> _Try it_
An exact copy of the listing is required, with its pictures removed.

> _Data_
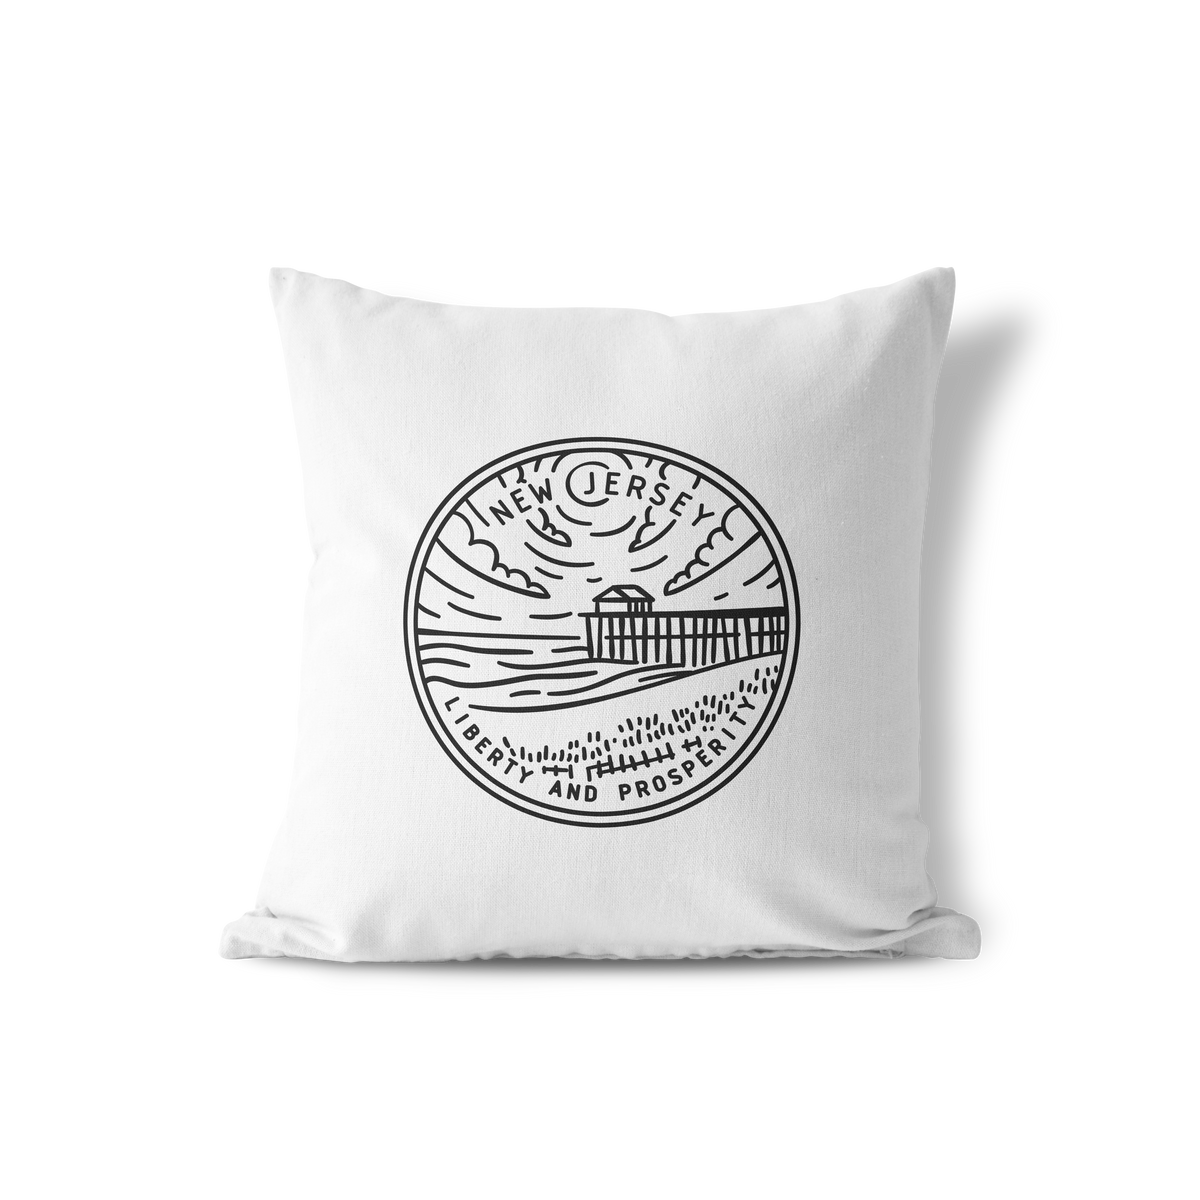 New Jersey State Crest Throw Pillow
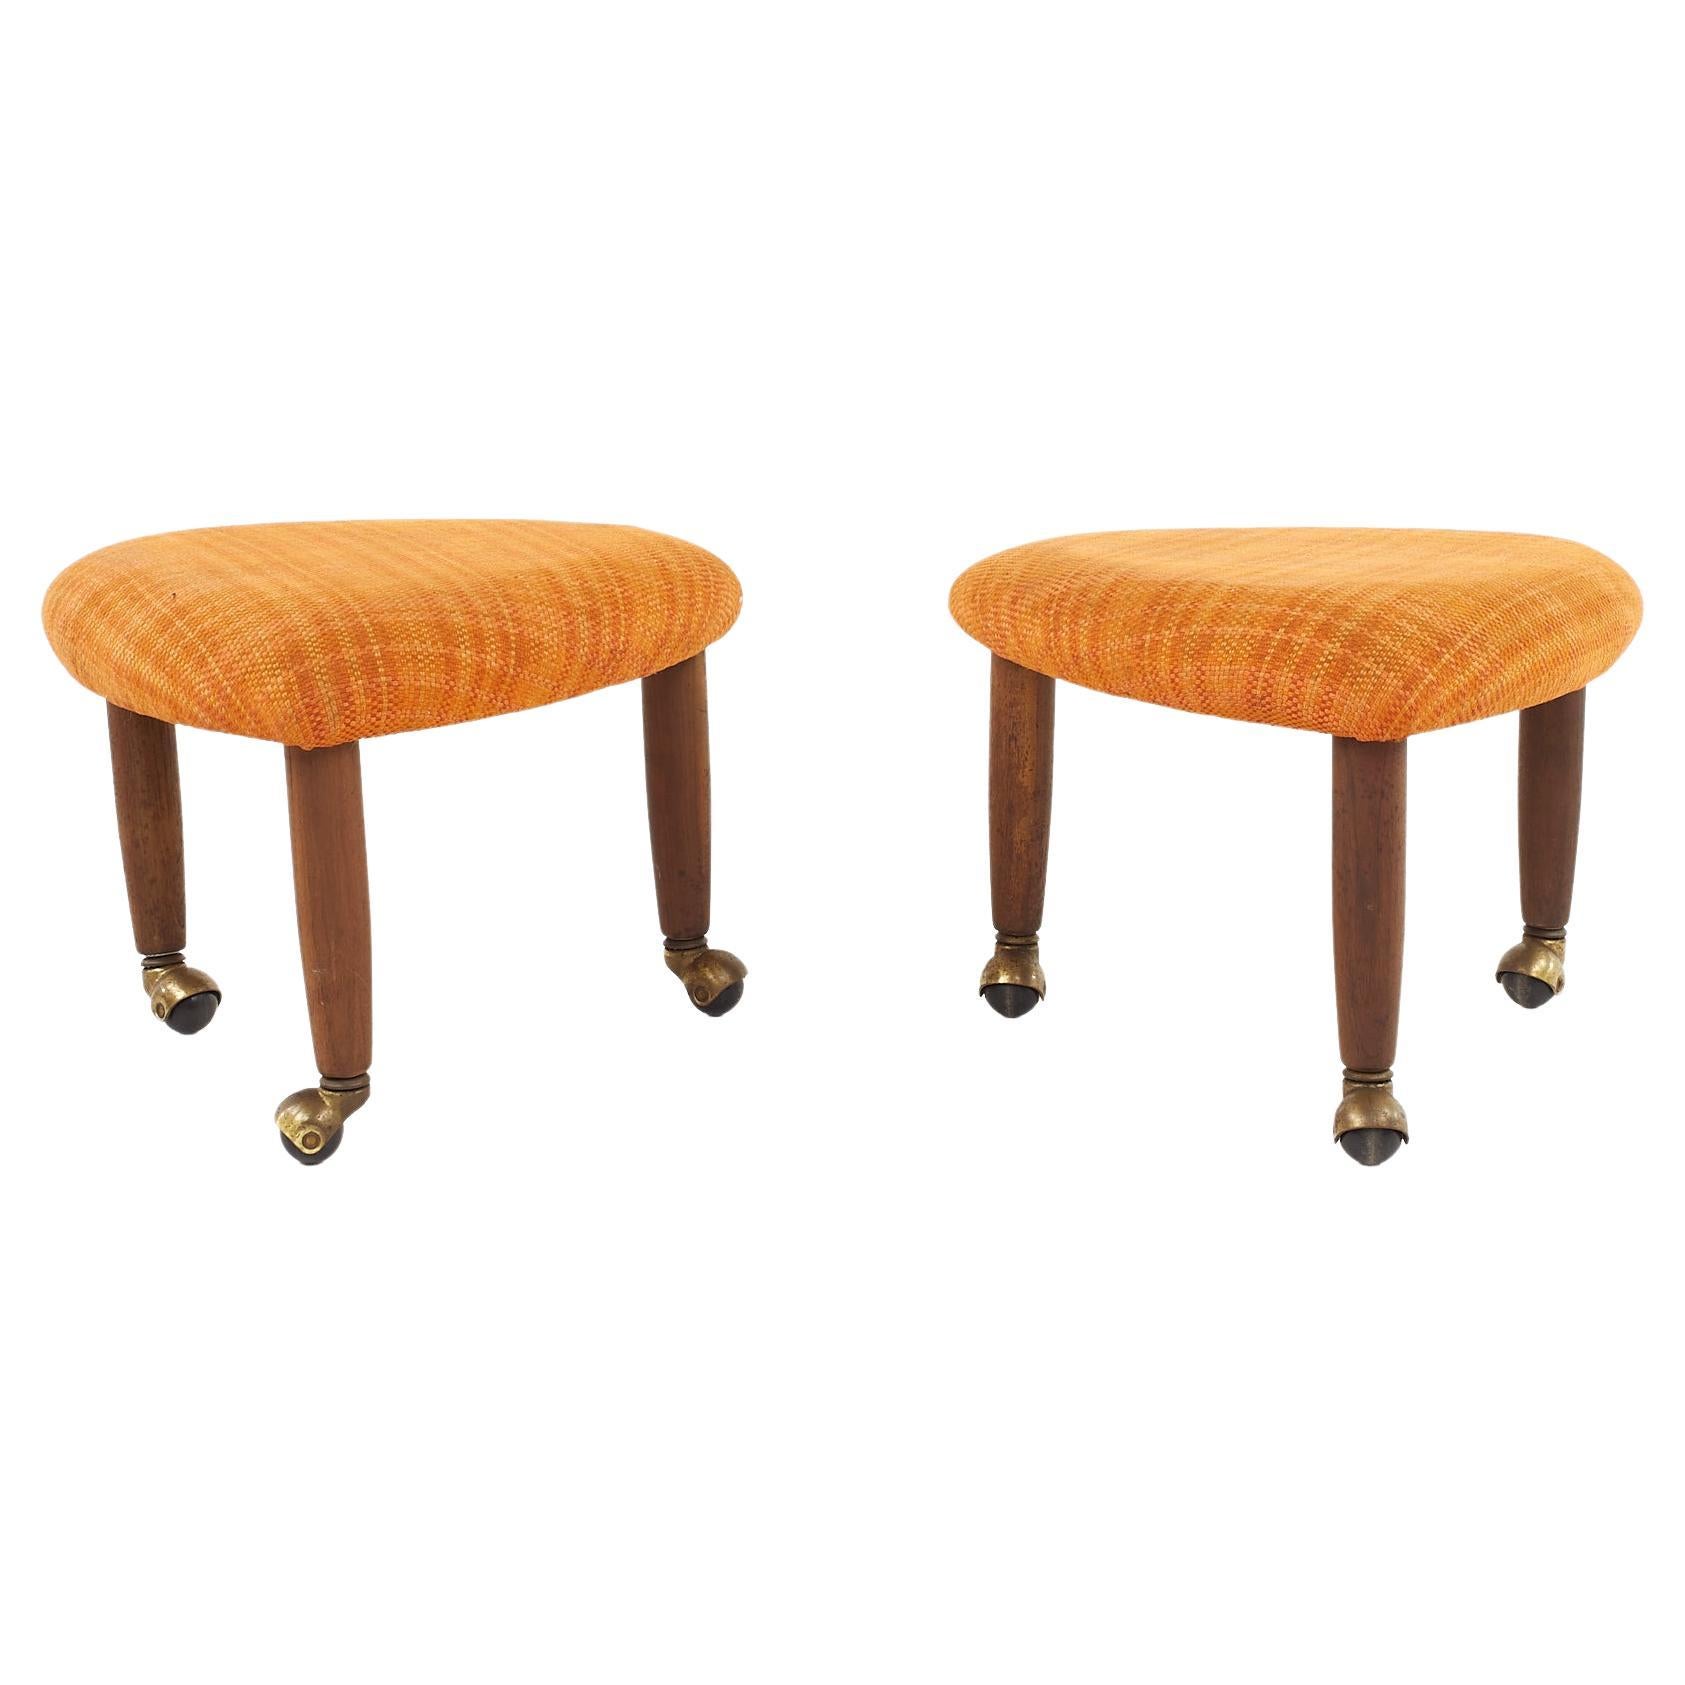 Adrian Pearsall for Craft Associates MCM Walnut Ottoman on Casters, a Pair
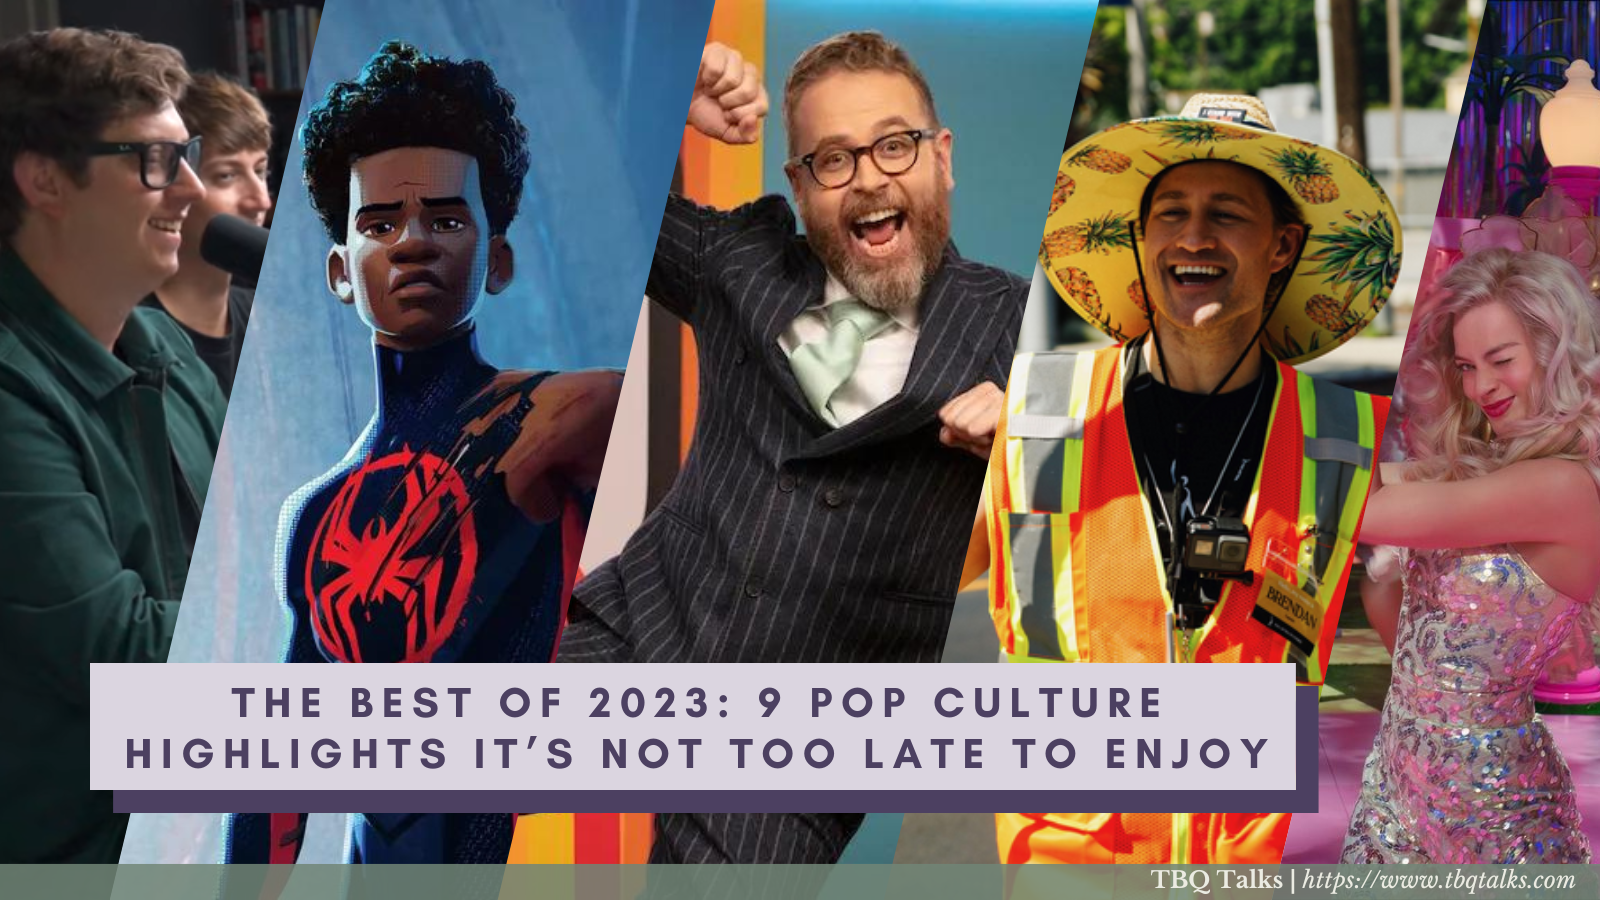 The Best of 2023: 9 Pop Culture Highlights It’s Not Too Late to Enjoy
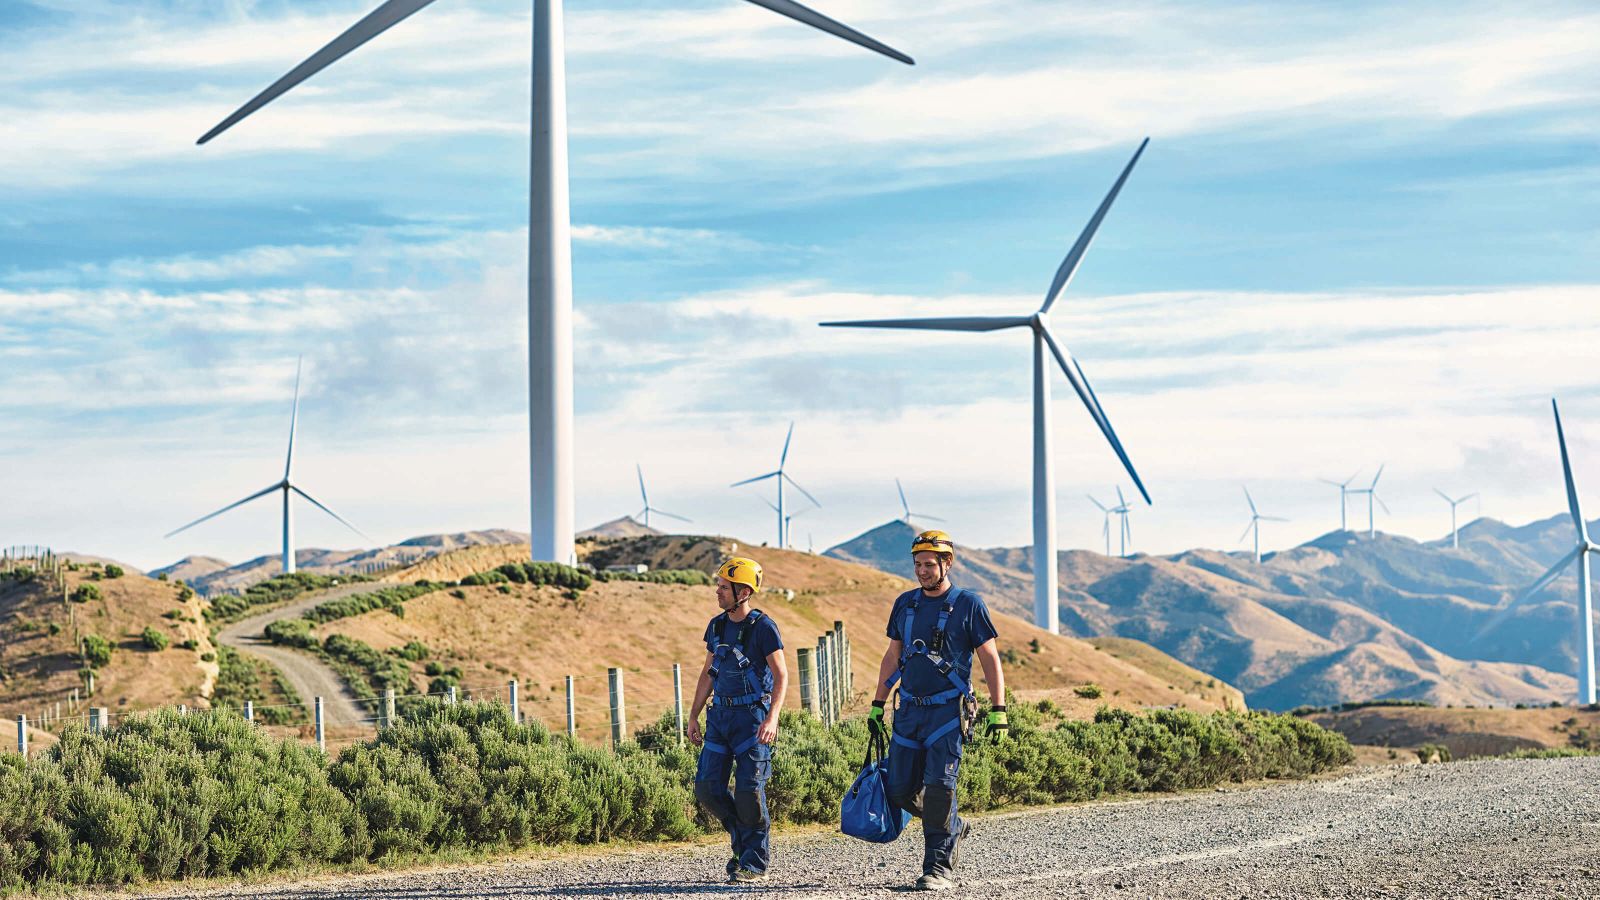 Two wind turbine workers wearing a safety harness and yellow hard hats, walk down a gravel road with many wind turbines in the background.

> _Solution for this exercise_
 New Jersey State Crest Throw Pillow
 Adrian Pearsall for Craft Associates MCM Walnut Ottoman on Casters, a Pair
 The Best of 2023: 9 Pop Culture Highlights It’s Not Too Late to Enjoy
 Two wind turbine workers wearing a safety harness and yellow hard hats, walk down a gravel road with many wind turbines in the background.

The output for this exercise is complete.